The other big question is what the community safety plan ends up focusing on.

Perry says he welcomes all the initiatives to improve the environment in the north inner-city, he says, such as planting trees and greening. “The environment can and should be tackled.”

But there also needs to be a focus on tackling drug dealing and serious anti-social behaviour, which, he says, are primarily a policing issue. “I wouldn’t like to see any dilution of that understanding.”

Locals will judge the partnership’s success on whether it can tackle drug dealing, which he says is inextricably linked to serious organised crime in the area.

“People will look out their window and if there is open drug dealing going on then the partnership hasn’t worked,” he says.

Ó Donnchú agrees that is a major problem. “Open drug dealing in the north-east inner-city is a major issue of concern,” he says.

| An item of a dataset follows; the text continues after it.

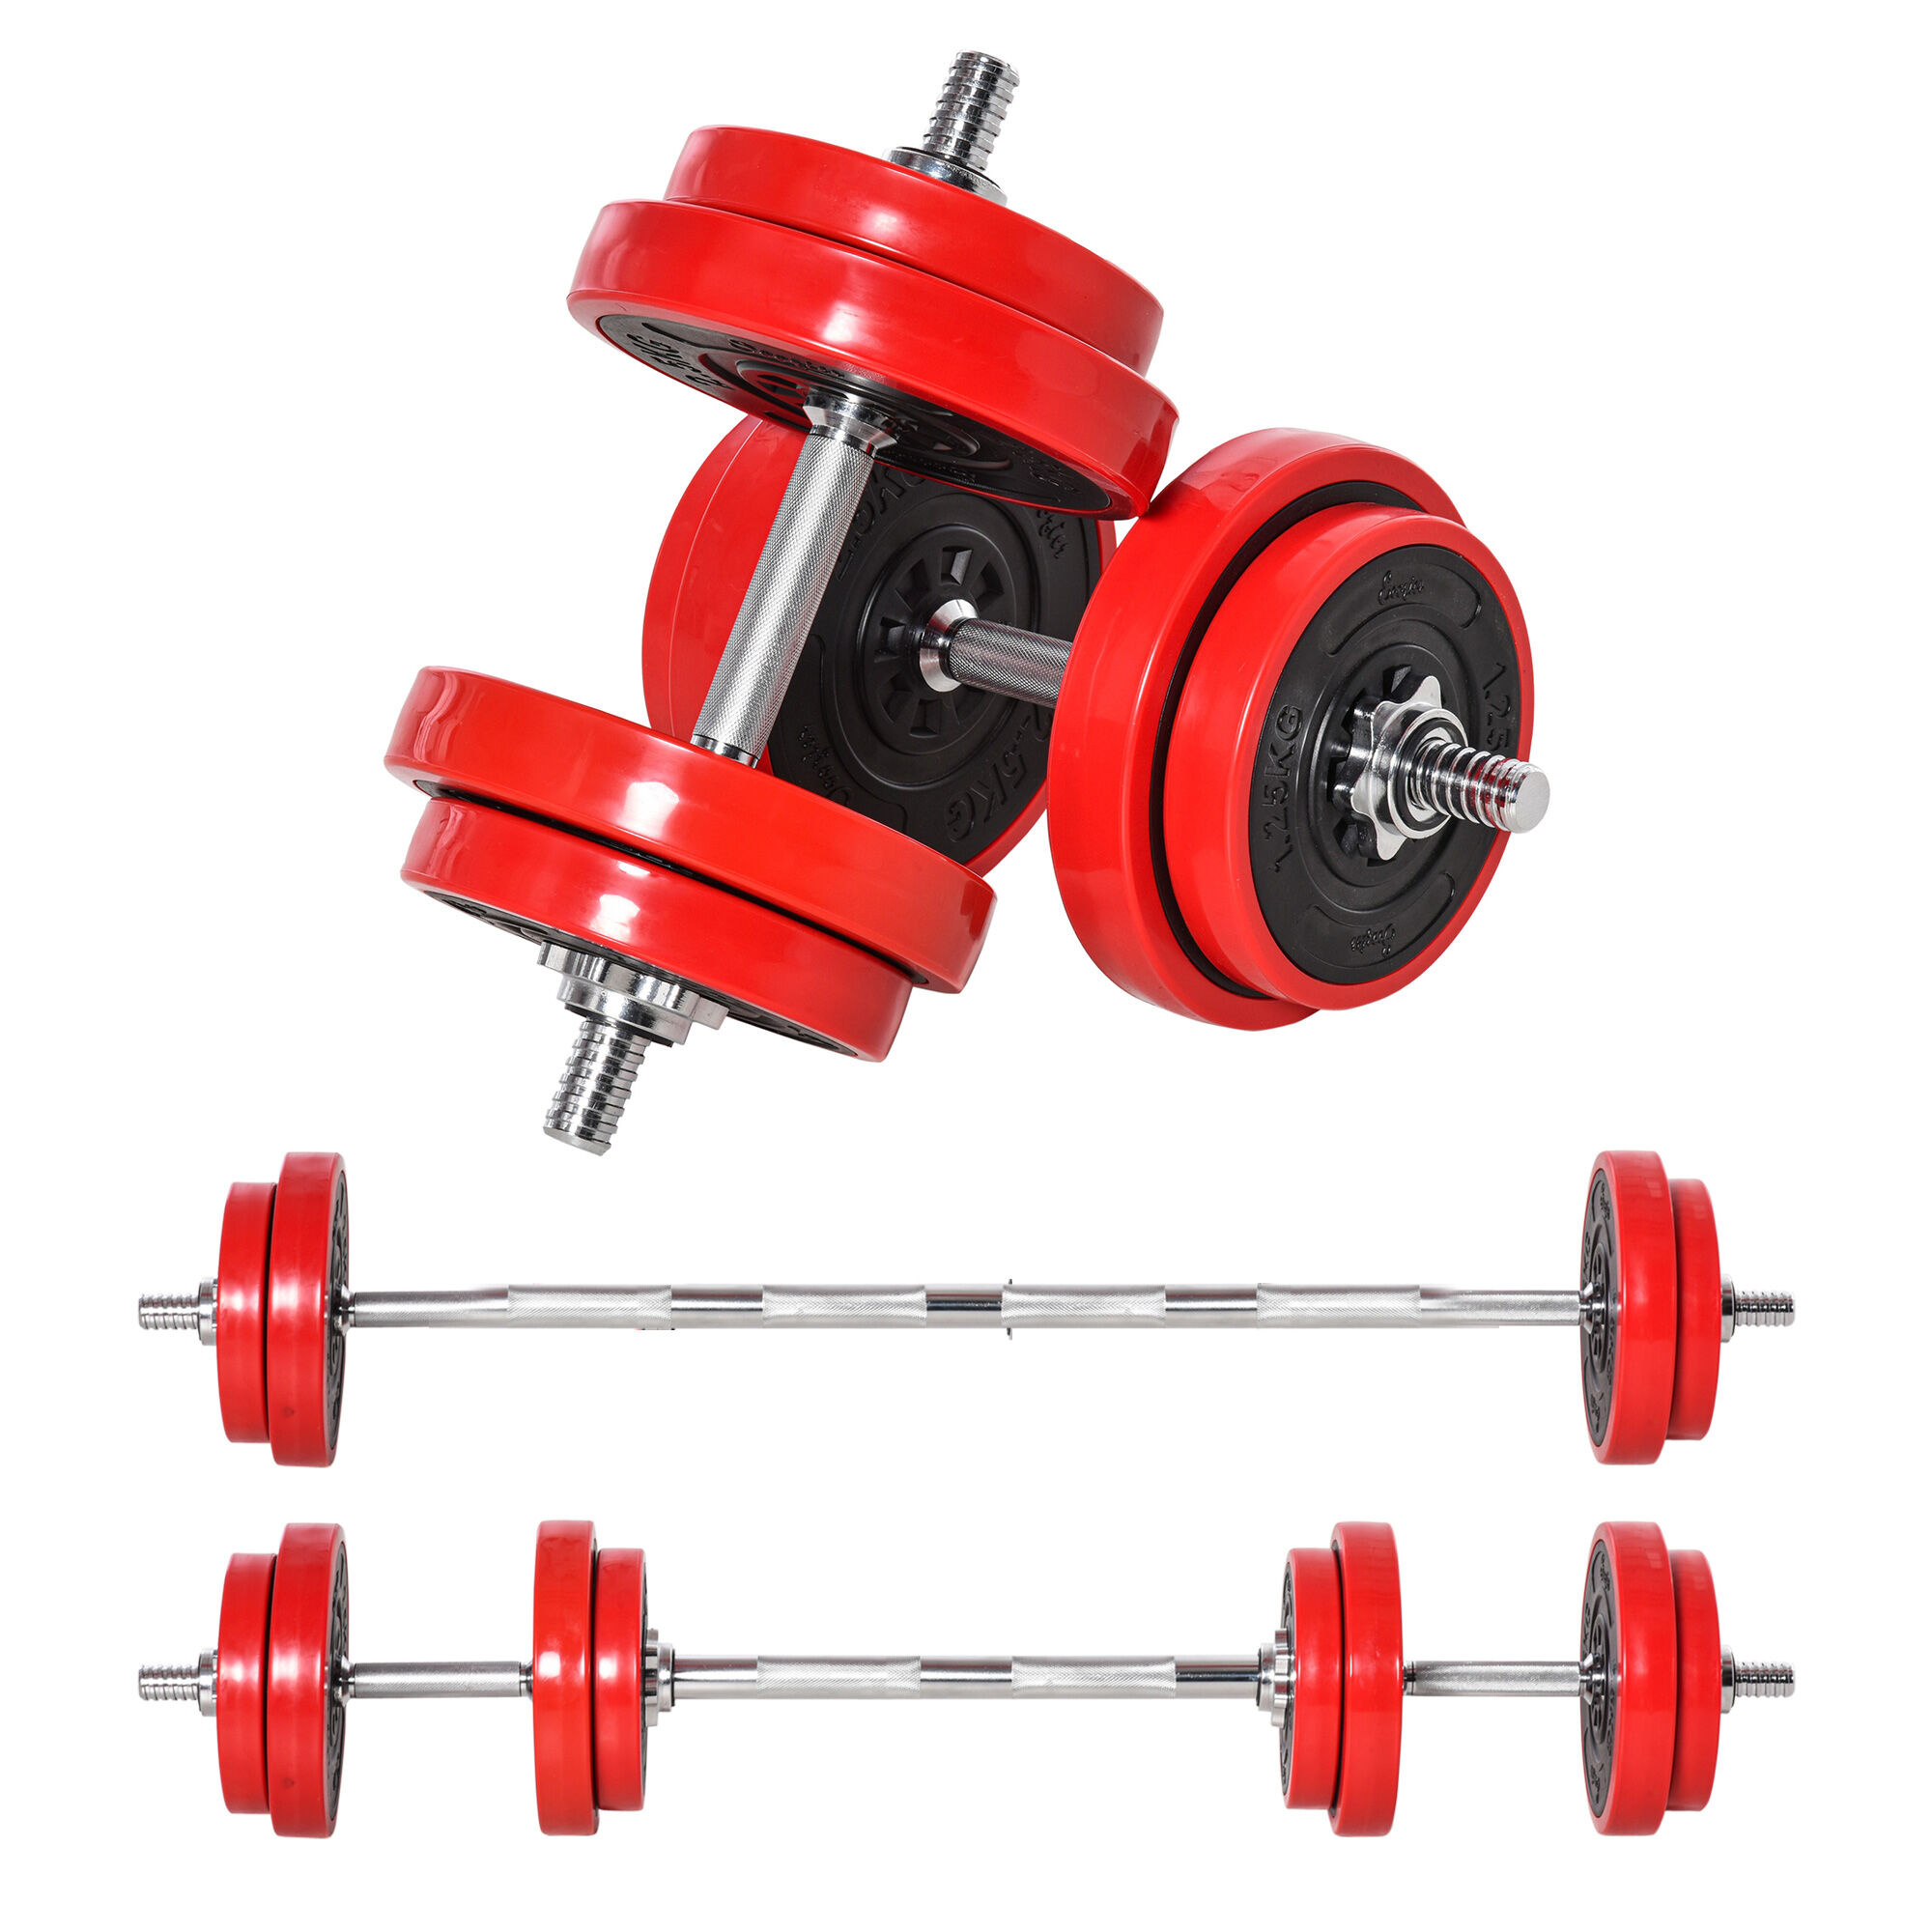 Soozier Adjustable Barbell Weight Set 44 Lbs 2-in-1 Dumbbell Home Gym Strength Training for Arms Shoulders Back Red Black   Aosom.com

The community safety partnership will work with the HSE to signpost people to drug addiction services where possible, he says.

“Combine that with the work of An Garda Siochana to tackle the criminality in relation to the drug dealing itself,” he says.

There used to be outreach programmes in place to tackle that issue, and he is currently working with the HSE looking into the possibility of re-engaging those supports, he says.

Ó Donnchú says the partnership’s focus is trying to create a sustainable model for communication between communities and state services, he says. As well as addressing individual issues, such as anti-social behaviour in a specific area.

“Issues of community safety are not just the responsibility of the Gardaí,” he says. “We all have a responsibility to contribute to addressing issues as they are identified.”

The partnership wants to encourage residents to talk directly to Gardaí also, he says, hence their map with details of community gardaí for each part of the north inner-city it covers.

The partnership is due to meet with a successful community safety partnership from Derry, he says, to learn from them.

It is good that the approach is being piloted in the north inner-city, says Perry, the independent councillor, because it is probably one of the hardest areas to police and tackle drug dealing.

“If it is successful in that area it will be successful everywhere,” he says.